It is well-known that the AKT signaling pathway plays a pivotal role in cell growth, metabolism, survival and apoptosis52,53. Generally, activation of this pathway contributes to pathogenesis of a variety of cancers, and many specific inhibitors have been approved by the FDA. For instance, MK-2206, an oral allosteric AKT inhibitor, can decrease cancer antigen and tumor size by approximately 60% and 23% respectively across different solid tumors54. Randomized controlled trials have shown that PI3K/AKT/mTOR inhibitors significantly improve the progression-free survival (PFS) of patients with advanced solid tumors (hazard ratio (HR) = 0.79; 95% confidence intervals (CI): 0.71–0.88)55. Further, the AKT signaling pathway underlies drug resistance in many cancers such as lung cancer56, HCC57 and melanoma58. Similarly, activation of the AKT pathway also contributes to arginine deiminase (ADI) resistance in melanoma cells59. The AKT pathway may be a potential target in drug resistance mechanisms.

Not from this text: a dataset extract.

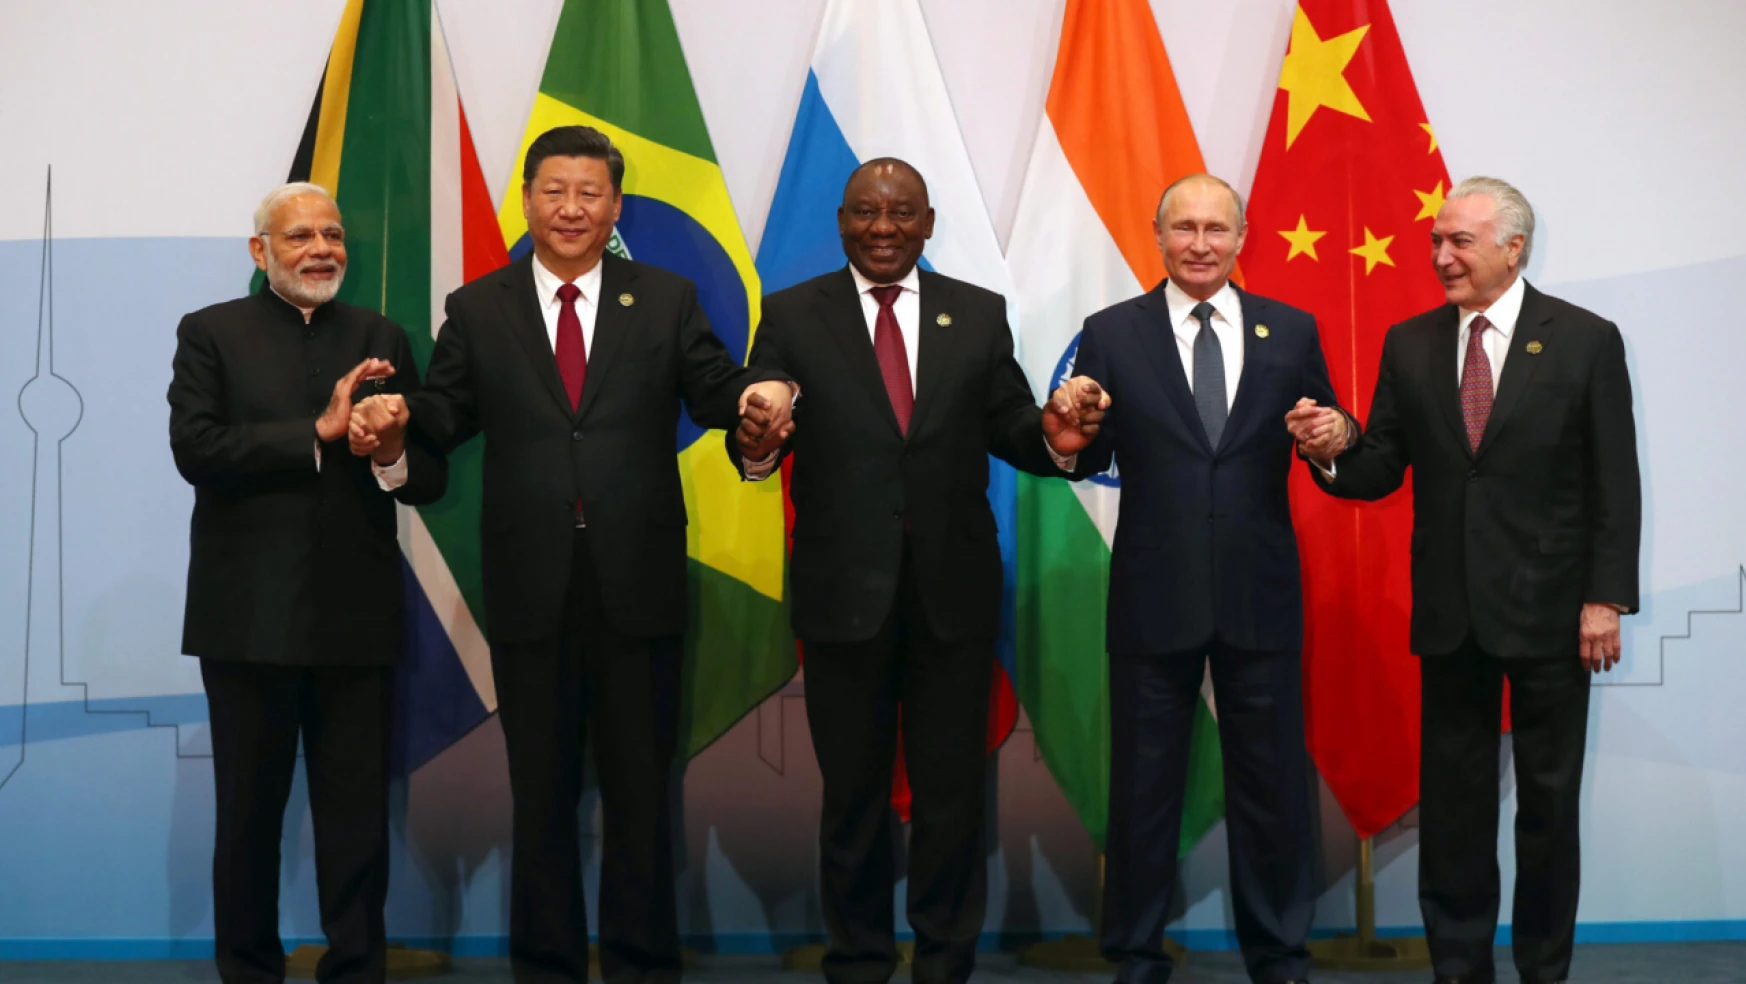 23 ülke resmen BRICS'e katılma isteğini bildirdi
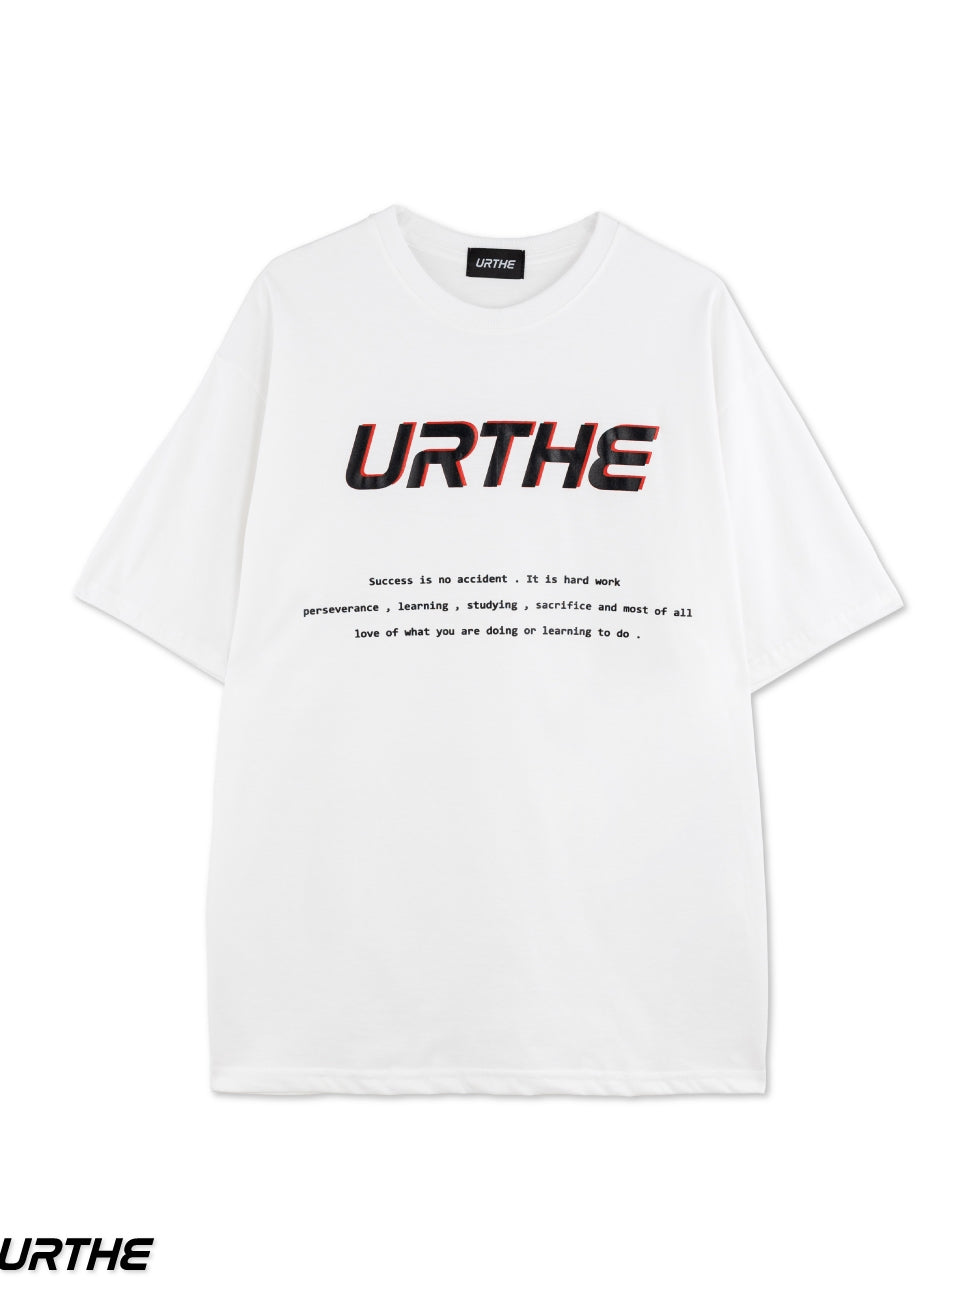 URTHE - เสื้อยืด เเขนสั้น สกรีนลาย รุ่น SS

CNTN-1 belongs to the cell adhesion molecules (CAMs), which are composed of the immunoglobulin super family of cell adhesion molecules (IgCAMs), cadherins, integrins, and the superfamily of C-type of lectin-like domains proteins (CTLDs). Theoretically, CNTN-1 has interaction with cadherins to regulate biological function. In fact, it has been demonstrated that CNTN-1 reduced the expression of E-cadherin through AKT pathway in lung cancer60. Therefore, CNTN-1 might be a crucial factor in EMT progression.
In our study, knockdown of CNTN-1 re-sensitized H446-BR and H526-BR cells to BCT-100 treatment and was accompanied by attenuation of EMT progression. The AKT signaling pathway was activated in resistant cells and AKT inhibitor LY294002 reversed EMT progression in BCT-100 resistant cells. These results indicate that the AKT pathway was involved in EMT progression.
Growing evidence indicates that CDH17 and IGF2BP1 are related to cell proliferation and tumor metastasis26,61. These two molecules were considered potential targets in our study design since they were highly expressed in BCT-100 resistant cells. Nonetheless silencing these two genes did not affect sensitivity to BCT-100 treatment or EMT phenotype, suggesting they might not be essential to BCT-100 acquired resistance in SCLC.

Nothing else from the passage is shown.